Install your ends properlly (crimped AND then soldered, AND then hit with some dbl-wall shrink tube), grommet where necessary, loom it near heat and other high risk areas, run gel battery(ies) as they're almost totally corrosion free, and you won't have a problem, for many years. This goes for any kind of cable, not just welding.
Many used car lot vehicles pass through my shop, after being bought at auction and the prepping for resale begins, and most used car lots want as much evidence of custom stereos stripped out as possible. That means I strip a lot of left-behind cables, wires, RCA lines, and fuses, etc. out of cars. I've seen both welding and stereo cable, in good and bad condition. It all depends on how well it was installed.

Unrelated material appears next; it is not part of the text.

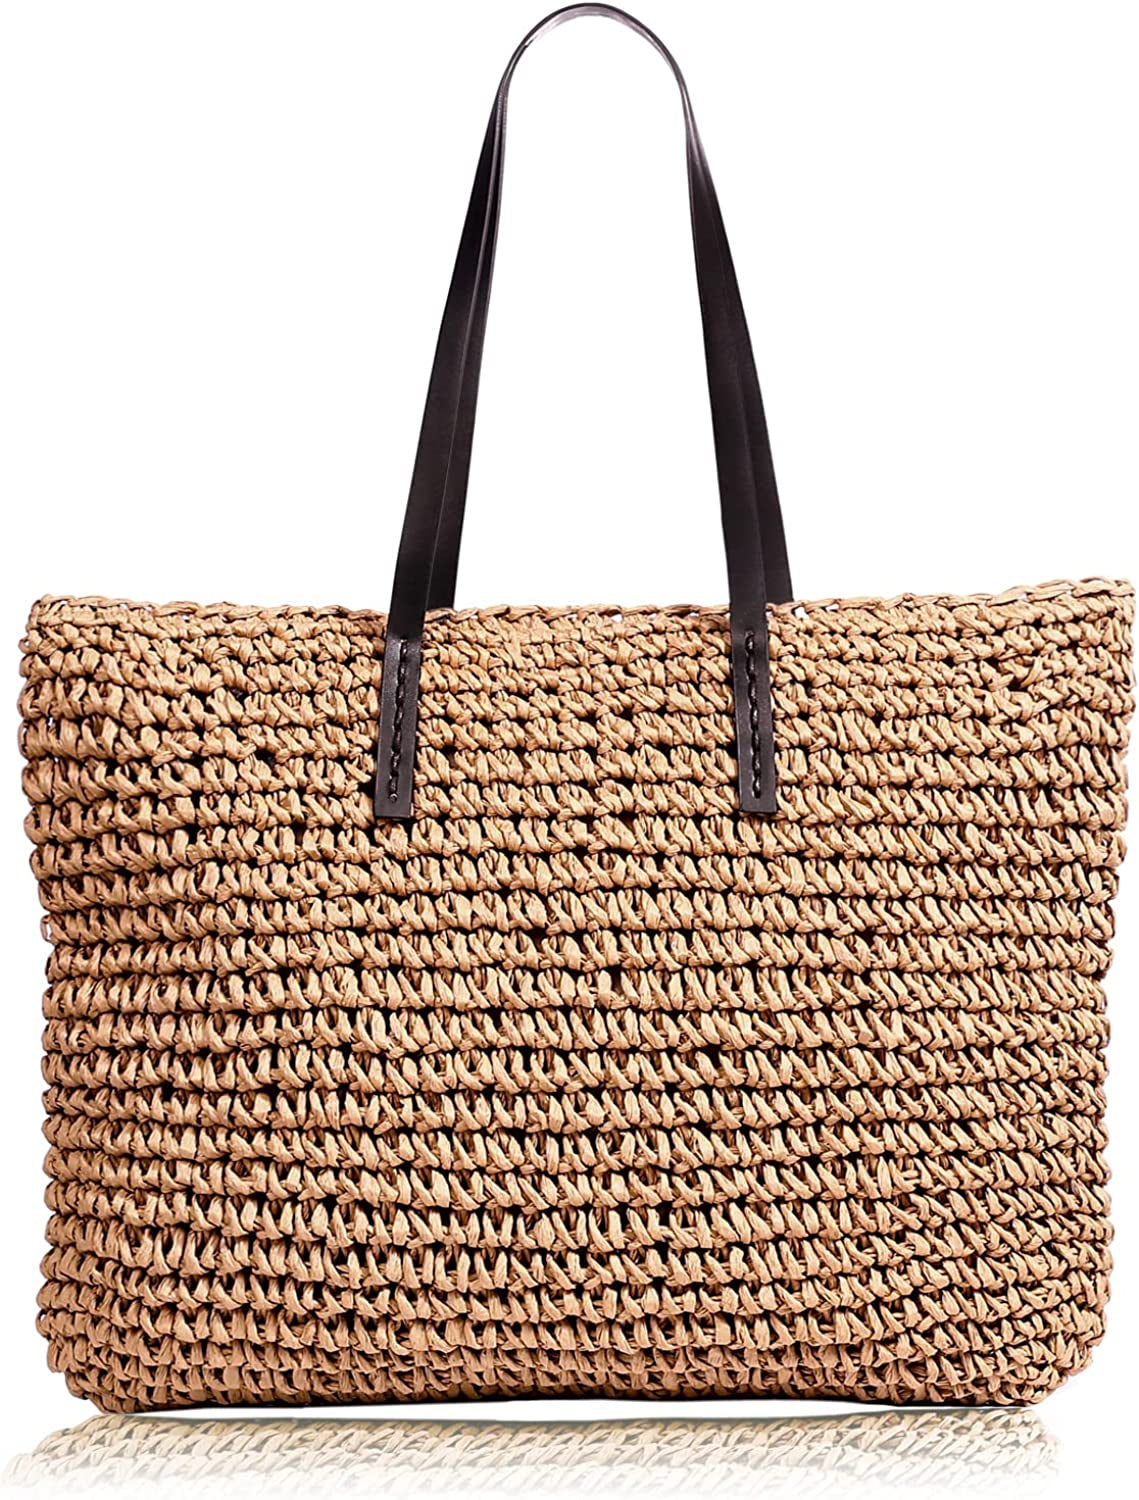  Handmade Woven Shoulder Tote Bags Purse for Women

I do agree, however, that if cosmetics matter in your vehicle, the pretty red stuff at stereo shops is the way to go. Welding cable is just flat black, there are no choices of color, other than what you color code with with colored shrink tube.
#27
I ran welding cable in my car and the 1/0 was much much easier to use that the 4ga of actuall car audio cable i had in there before and it was still more flexible that the 8 ga Stinger wire that was in their before. Cable is Cable, if you want to believe that you can buy stuff that costs 4-5 times as much as it should, go ahead. It will not make any difference what so ever. Realistically, there are not too many places out there that make wire and it is most likely that your "car audio" cable is actually the same as the welding cable with a different jacket.
The manufacturers realize that "car audio cable goes in once and stays there. Now compare that to welding cable which is in a dusty dirty oily shop 24/7. The jacket is better suited in my opinion.
7.50 a foot for streetwires or 1.79 a foot for welding cable. I'd rather keep the 6 buck/ foot and spend it on somthing useful. The only time anyones ever gonna see that wire is when their have to cut it cause their stealing your system.
The manufacturers realize that "car audio cable goes in once and stays there. Now compare that to welding cable which is in a dusty dirty oily shop 24/7. The jacket is better suited in my opinion.
7.50 a foot for streetwires or 1.79 a foot for welding cable. I'd rather keep the 6 buck/ foot and spend it on somthing useful. The only time anyones ever gonna see that wire is when their have to cut it cause their stealing your system.
#28
I have not seen it yet, personally, but I hear that Kicker's power wire is some of the most supple wire in the industry. Car audio or welding. I understand, it's because the jacket is rubber.
Loom, grommets and clean termination I believe are the key.
Loom, grommets and clean termination I believe are the key.